* [Task directions]:
Each line from the one holding "Maximum de 700" to the end of the data below must be output verbatim, with no other lines.

* [Data records]:
•••••
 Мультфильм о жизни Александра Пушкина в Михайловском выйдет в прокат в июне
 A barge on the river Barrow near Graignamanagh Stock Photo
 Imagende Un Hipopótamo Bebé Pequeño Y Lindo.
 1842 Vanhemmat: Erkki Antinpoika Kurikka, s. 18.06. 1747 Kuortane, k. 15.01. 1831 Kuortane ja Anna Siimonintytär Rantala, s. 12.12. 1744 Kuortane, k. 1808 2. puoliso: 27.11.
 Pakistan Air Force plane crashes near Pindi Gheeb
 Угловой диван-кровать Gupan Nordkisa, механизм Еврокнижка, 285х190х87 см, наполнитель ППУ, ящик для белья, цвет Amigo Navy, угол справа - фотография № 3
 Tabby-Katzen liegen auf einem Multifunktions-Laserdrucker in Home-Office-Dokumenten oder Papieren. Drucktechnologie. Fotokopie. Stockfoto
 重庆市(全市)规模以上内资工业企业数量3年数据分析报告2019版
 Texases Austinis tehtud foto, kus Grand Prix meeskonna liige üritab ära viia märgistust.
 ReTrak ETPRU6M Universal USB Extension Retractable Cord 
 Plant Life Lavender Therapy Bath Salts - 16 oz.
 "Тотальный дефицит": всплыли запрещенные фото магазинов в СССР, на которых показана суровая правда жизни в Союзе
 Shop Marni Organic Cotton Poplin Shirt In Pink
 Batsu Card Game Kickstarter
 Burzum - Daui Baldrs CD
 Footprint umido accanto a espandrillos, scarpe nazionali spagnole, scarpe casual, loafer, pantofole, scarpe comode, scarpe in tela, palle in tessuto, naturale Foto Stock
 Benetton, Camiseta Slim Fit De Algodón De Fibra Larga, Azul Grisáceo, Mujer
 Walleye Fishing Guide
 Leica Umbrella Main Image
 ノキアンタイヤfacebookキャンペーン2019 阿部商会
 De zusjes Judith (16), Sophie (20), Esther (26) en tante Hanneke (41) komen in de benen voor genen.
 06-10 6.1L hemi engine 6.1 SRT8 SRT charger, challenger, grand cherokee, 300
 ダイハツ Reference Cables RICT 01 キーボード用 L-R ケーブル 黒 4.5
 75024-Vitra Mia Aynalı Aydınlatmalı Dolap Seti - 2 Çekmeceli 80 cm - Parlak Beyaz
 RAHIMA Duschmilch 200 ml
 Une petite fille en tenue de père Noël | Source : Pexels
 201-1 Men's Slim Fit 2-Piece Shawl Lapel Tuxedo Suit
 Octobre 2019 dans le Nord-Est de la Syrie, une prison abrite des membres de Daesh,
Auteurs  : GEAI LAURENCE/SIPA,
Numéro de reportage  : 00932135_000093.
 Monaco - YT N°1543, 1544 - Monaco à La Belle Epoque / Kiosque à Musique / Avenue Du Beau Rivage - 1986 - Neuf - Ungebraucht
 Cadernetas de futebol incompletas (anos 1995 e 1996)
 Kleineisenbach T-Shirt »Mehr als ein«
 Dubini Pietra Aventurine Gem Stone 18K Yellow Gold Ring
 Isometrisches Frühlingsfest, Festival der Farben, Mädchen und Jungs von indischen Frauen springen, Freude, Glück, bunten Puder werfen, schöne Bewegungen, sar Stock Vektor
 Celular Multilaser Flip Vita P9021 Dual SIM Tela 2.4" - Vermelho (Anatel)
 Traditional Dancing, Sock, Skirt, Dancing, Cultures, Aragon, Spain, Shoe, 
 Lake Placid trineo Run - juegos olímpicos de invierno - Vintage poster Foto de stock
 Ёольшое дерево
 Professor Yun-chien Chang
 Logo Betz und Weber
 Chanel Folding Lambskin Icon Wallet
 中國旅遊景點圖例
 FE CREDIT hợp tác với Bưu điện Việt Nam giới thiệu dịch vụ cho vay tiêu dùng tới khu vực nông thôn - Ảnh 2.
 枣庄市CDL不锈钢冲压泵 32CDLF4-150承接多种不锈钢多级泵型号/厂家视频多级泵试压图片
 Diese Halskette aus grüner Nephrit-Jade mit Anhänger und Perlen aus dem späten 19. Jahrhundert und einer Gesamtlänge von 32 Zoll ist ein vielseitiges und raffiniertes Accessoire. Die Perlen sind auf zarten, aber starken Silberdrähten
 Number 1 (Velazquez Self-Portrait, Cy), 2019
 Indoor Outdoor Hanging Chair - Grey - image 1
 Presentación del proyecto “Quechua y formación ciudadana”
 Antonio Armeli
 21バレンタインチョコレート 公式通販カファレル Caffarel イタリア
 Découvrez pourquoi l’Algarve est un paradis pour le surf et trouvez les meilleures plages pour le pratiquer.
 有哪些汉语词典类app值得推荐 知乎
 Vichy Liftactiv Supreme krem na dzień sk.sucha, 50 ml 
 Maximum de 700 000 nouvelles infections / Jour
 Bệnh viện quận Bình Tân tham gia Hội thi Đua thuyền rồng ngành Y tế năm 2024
•••••
* [Result of this exercise]:
 Maximum de 700 000 nouvelles infections / Jour
 Bệnh viện quận Bình Tân tham gia Hội thi Đua thuyền rồng ngành Y tế năm 2024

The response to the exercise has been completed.